The implementation begins with two important edge-case checks.

If desiredTotal <= 0, the first player trivially wins because the target has already been met.

Next, the algorithm computes the maximum possible sum using all numbers. If even that total cannot reach desiredTotal, winning is impossible.

The memo dictionary stores previously computed game states. The key is the bitmask representing used numbers, and the value indicates whether the current player can force a win from that state.

The recursive dfs function explores every available move.

For each candidate number:

• A bit is computed using 1 << (number - 1)
• If the bit is already set, the number has already been used
• Otherwise, the move is evaluated

If choosing the number immediately satisfies the target, the function returns True.

Otherwise, the algorithm recursively evaluates the opponent's position after updating the bitmask and decreasing the remaining target.

If the opponent cannot win from that next state, then the current player has found a winning strategy.

If every possible move still allows the opponent to win, the current state is losing.

Go Solution

func canIWin(maxChoosableInteger int, desiredTotal int) bool {
	if desiredTotal <= 0 {
		return true
	}

	totalSum := maxChoosableInteger * (maxChoosableInteger + 1) / 2

	if totalSum < desiredTotal {
		return false
	}

	memo := make(map[int]bool)
	visited := make(map[int]bool)

	var dfs func(int, int) bool

	dfs = func(usedMask int, remaining int) bool {
		if visited[usedMask] {
			return memo[usedMask]
		}

		for number := 1; number <= maxChoosableInteger; number++ {
			bit := 1 << (number - 1)

			if usedMask&bit != 0 {
				continue
			}

			if number >= remaining {
				memo[usedMask] = true
				visited[usedMask] = true
				return true
			}

			nextMask := usedMask | bit

			opponentCanWin := dfs(nextMask, remaining-number)

			if !opponentCanWin {
				memo[usedMask] = true
				visited[usedMask] = true
				return true
			}
		}

		memo[usedMask] = false
		visited[usedMask] = true
		return false
	}

	return dfs(0, desiredTotal)
}

The Go implementation follows the same recursive strategy as the Python version.

One notable difference is memoization handling.

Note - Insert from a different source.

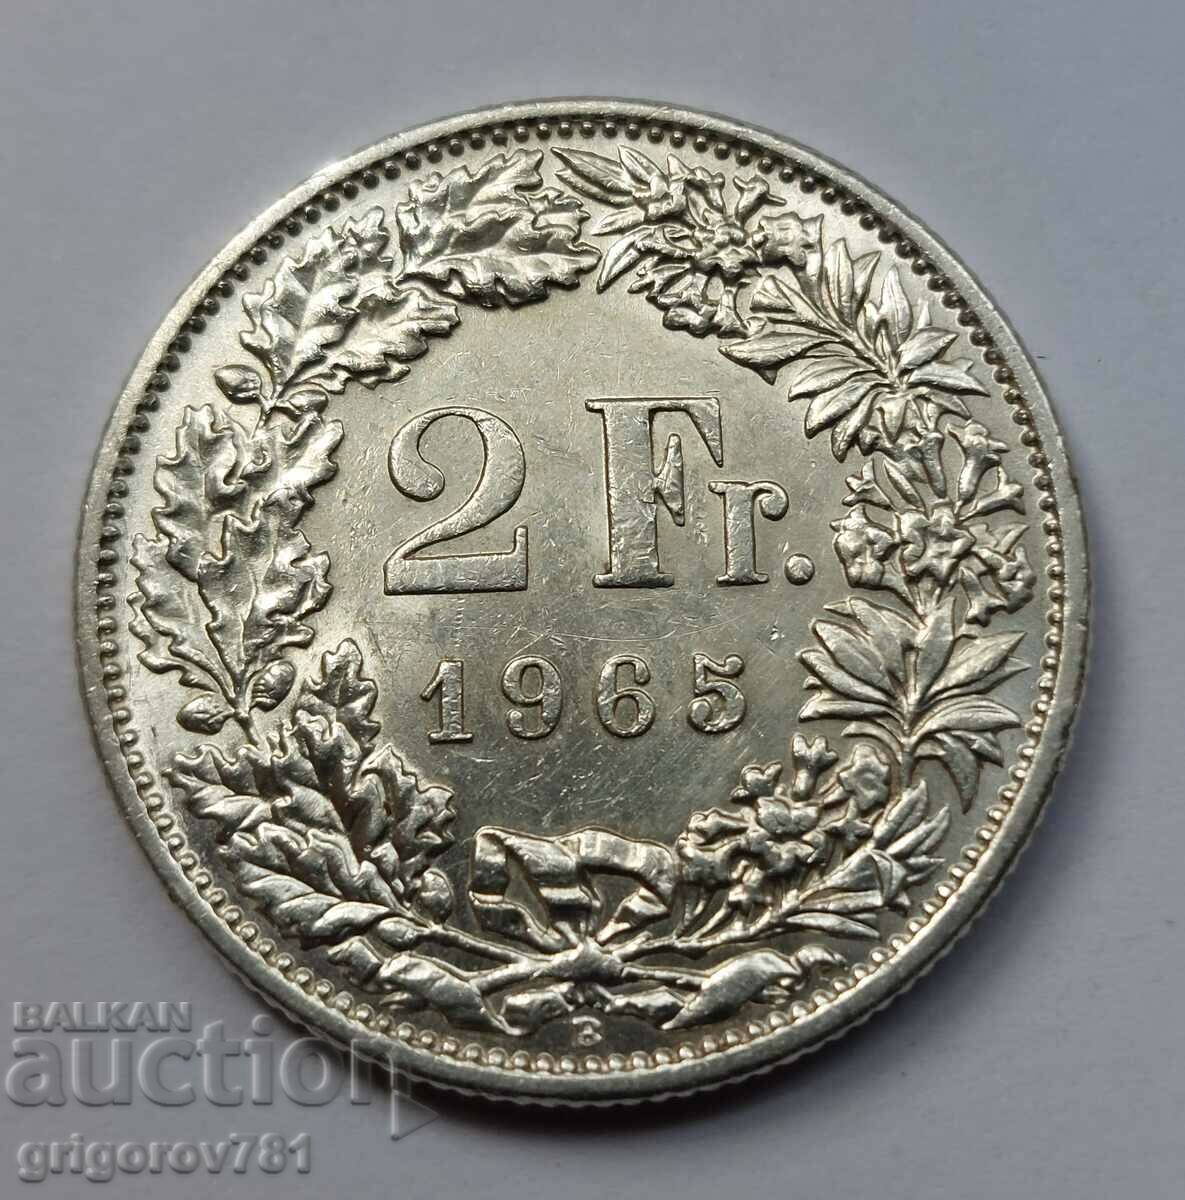 2 Francs Silver Switzerland 1965 B - Silver Coin #20

Since Go maps return the zero value for missing keys, a separate visited map is used to distinguish between:

• a state that has not been computed
• a state that has been computed and evaluates to false

Bitmask operations work naturally with integers in Go, and the recursion structure remains almost identical to Python.

Worked Examples

Example 1

Input:
maxChoosableInteger = 10
desiredTotal = 11

The total available sum is:

1 + 2 + ... + 10 = 55

So reaching 11 is possible.

Initial state:

Variable	Value
usedMask	0000000000
remaining	11

The first player tries all possible moves.

First player chooses 1

Variable	Value
usedMask	0000000001
remaining	10

Now the second player can choose 10 immediately.

1 + 10 = 11

Second player wins.

First player chooses 2

Variable	Value
usedMask	0000000010
remaining	9

Second player chooses 9 and wins immediately.

The same pattern continues:

First Move	Second Winning Move
1	10
2	9
3	8
4	7
5	6

Every opening move has a direct counter.

Therefore, the first player cannot force a win.

Output: false

Example 2

Input:
maxChoosableInteger = 10
desiredTotal = 0

Since the target is already satisfied before any move:

Output: true

The algorithm returns immediately during the edge-case check.

Example 3

Input:
maxChoosableInteger = 10
desiredTotal = 1

Initial state:

Variable	Value
usedMask	0000000000
remaining	1

The first player can choose 1.

Since:

1 >= remaining

the first player wins instantly.

Output: true

Complexity Analysis

Measure	Complexity	Explanation
Time	O(2^n * n)	There are at most 2^n bitmask states, and each state tries up to n numbers
Space	O(2^n)	Memoization stores results for each unique bitmask

The key observation is that the algorithm computes each bitmask state once.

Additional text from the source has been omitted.